En ayant connaissance des actions RSE déjà réalisées, présenter un projet, un programme à une entreprise, c’est finalement lui offrir la possibilité de compléter sa démarche RSE !
Quelles pourraient être les principales barrières rencontrées par une organisation à but non lucratif pour développer un partenariat entreprise ? Comment les surmonter ?
Je n’identifie pas de barrière à proprement parler, néanmoins deux 2 points de vigilance sont à prendre en compte:
- Le 1er selon moi est d’être aidé sans y perdre son âme.
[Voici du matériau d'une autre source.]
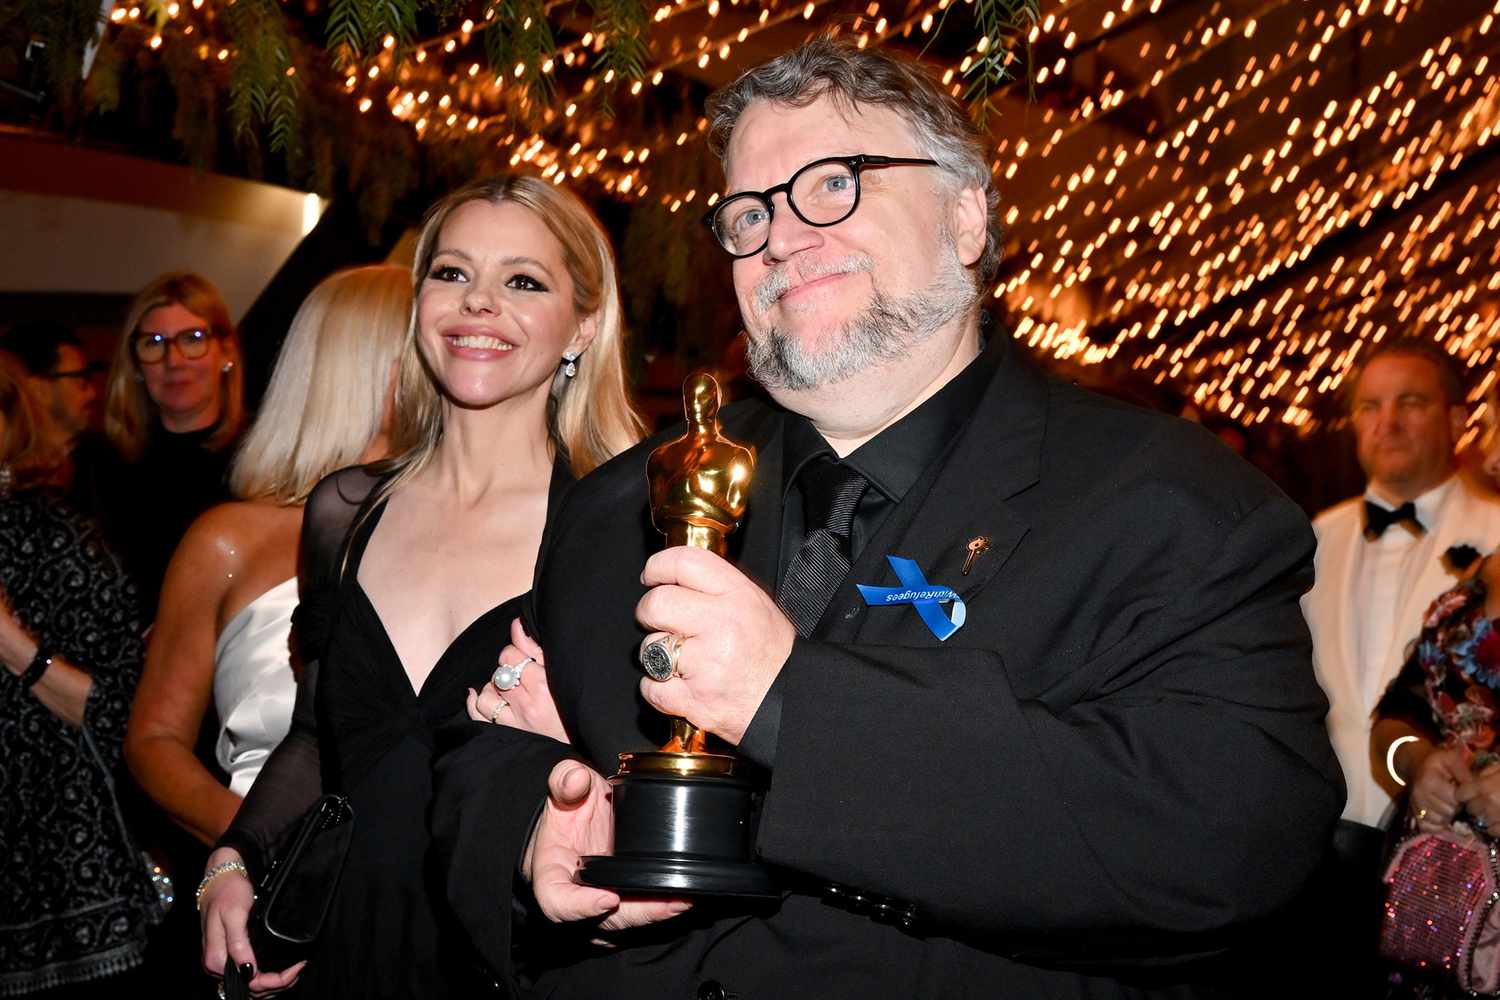 Kim Morgan and Guillermo del Toro at the 95th Annual Academy Awards Governors Ball held at Dolby Theatre on March 12, 2023 in Los Angeles, California.

Pour cela, je recommande vivement à l’association d’établir une charte éthique, ainsi pratiques des entreprises et valeurs de l’association seront bien en adéquation.
- Le 2nd point est d’accepter l’idée que, pour arriver à la signature d’une convention de mécénat avec une entreprise, c’est long, très long !
Cela peut prendre des mois, voire une année. Malgré tout, c’est 1 année pendant laquelle une relation durable avec l’entreprise aura eu le temps de se développer. Parfois, c’est juste parce que les circuits de décisions sont complexes, ou parfois c’est parce que les entreprises ont besoin d’être rassurées sur la qualité de la relation qui découlera d’un potentiel accord.
Il existe une multitude de partenariats entreprise différents, auriez-vous quelques exemples concrets ?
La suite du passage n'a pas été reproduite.